# Bedding?



## RemudaOne (Jan 14, 2013)

What bedding do you all like in the lambing pens and jugs?


----------



## bonbean01 (Jan 14, 2013)

There is no straw in our area, which I would prefer...so...use left over hay from last year for bedding, never moldy hay.  I've stayed away from anything dusty like sawdust.

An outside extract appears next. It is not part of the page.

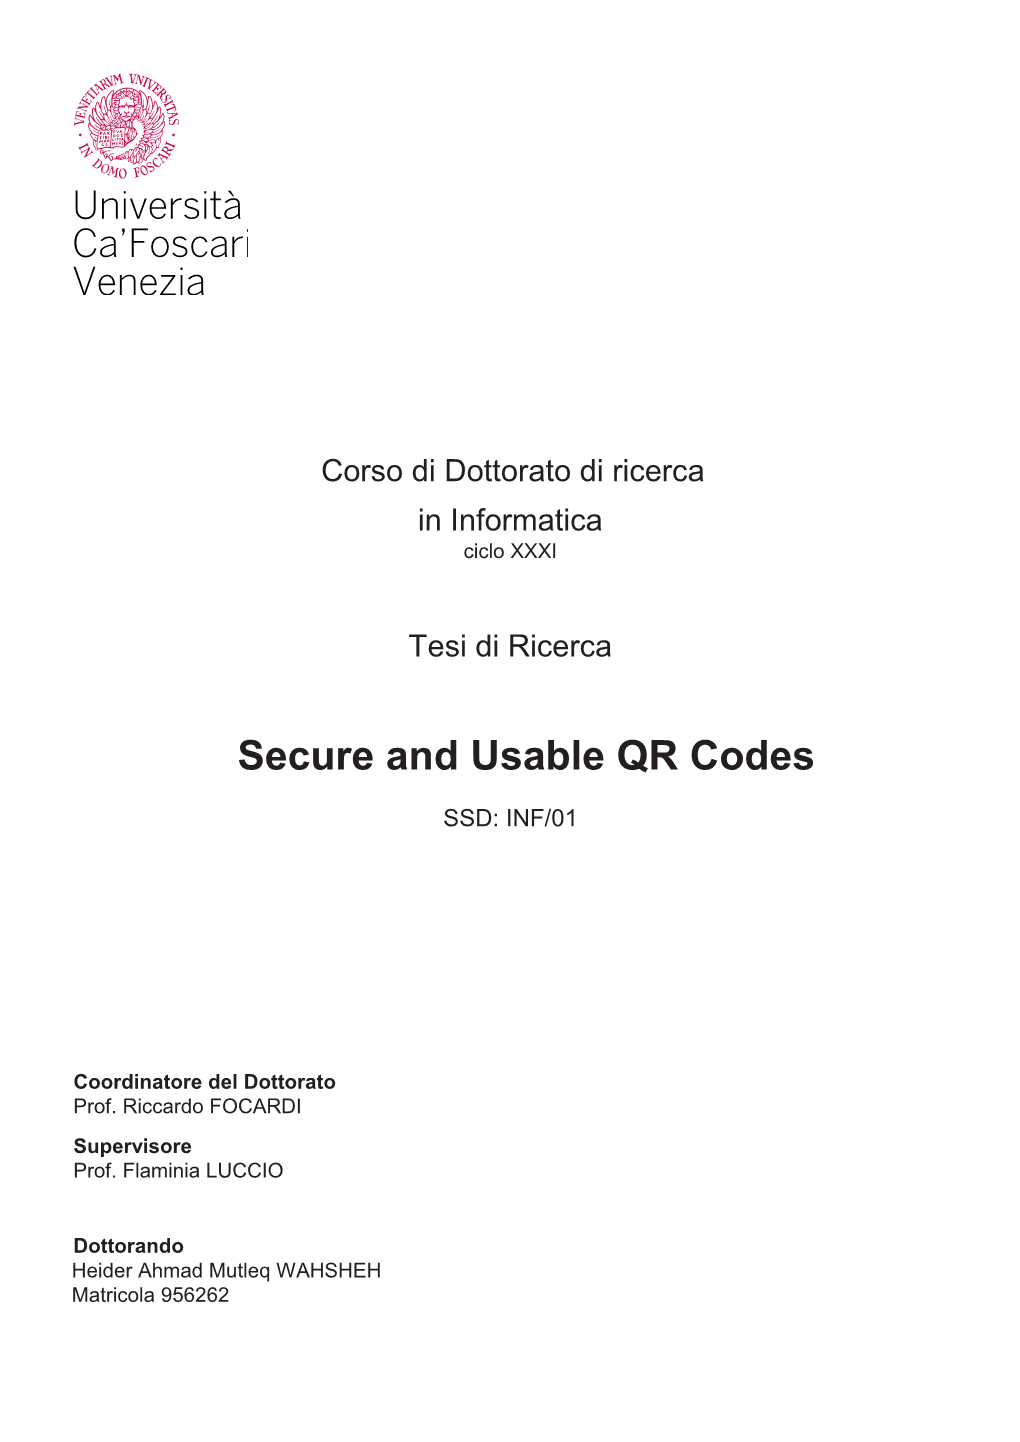 Secure and Usable QR Codes

Interested to see what other people use for bedding.


----------



## Four Winds Ranch (Jan 14, 2013)

I use straw and or hay! I perfer straw, it is usually more absorbant, lighter and easier to keep things clean.


----------



## finns&fjords (Jan 15, 2013)

I use grass straw, though I think I might splurge on some pretty oat straw for the first week or so after lambing. I think it's warmer and more absorbent than the grass stuff. While using grass straw last year I found that putting a thin layer of bedding pellets under the straw, it was much drier and easier to clean. 
So excited for lambs!!


----------



## purplequeenvt (Jan 15, 2013)

I prefer straw, but straw is very expensive around here so we use 1st cut hay.


----------



## Bridgemoof (Jan 15, 2013)

We use hay.


----------



## SheepGirl (Jan 15, 2013)

Straw or dirt.


----------



## secuono (Jan 15, 2013)

I don't have lambing jugs, ewes find a quiet grassy fence section and has them there.


----------



## SheepGirl (Jan 15, 2013)

Jugs are used after the ewe has their lambs so the ewe and lambs can go in there and be alone and not bothered by the rest of the flock.

Some people use what are called "lambing cubicles" and the ewes lamb in there. Most sheep producers have their ewes lamb out on pasture or in a barn and are penned up afterwards for a day or two.


----------



## BrownSheep (Jan 15, 2013)

Straw.


----------



## Straw Hat Kikos (Jan 15, 2013)

Yes guys? You called?


----------



## BrownSheep (Jan 15, 2013)




----------



## bonbean01 (Jan 15, 2013)




----------



## RemudaOne (Jan 16, 2013)

Straw Hat Kikos said:
			
		

> Yes guys? You called?


Goober


----------



## Straw Hat Kikos (Jan 16, 2013)

haha I had to! Was so easy.


----------



## TexasShepherdess (Jan 20, 2013)

Ive used big flake shavings in a pinch..espc during our drought, when straw was scarce and hay was to precious to use.

I found some wheat straw this year, so have bedded the jugs and the show sheep pens with it.


----------



## whr (Jan 22, 2013)

We prefer wheat straw, but were unable to find good straw so we went with rolls of orchard grass and fescue.  Works well enough


----------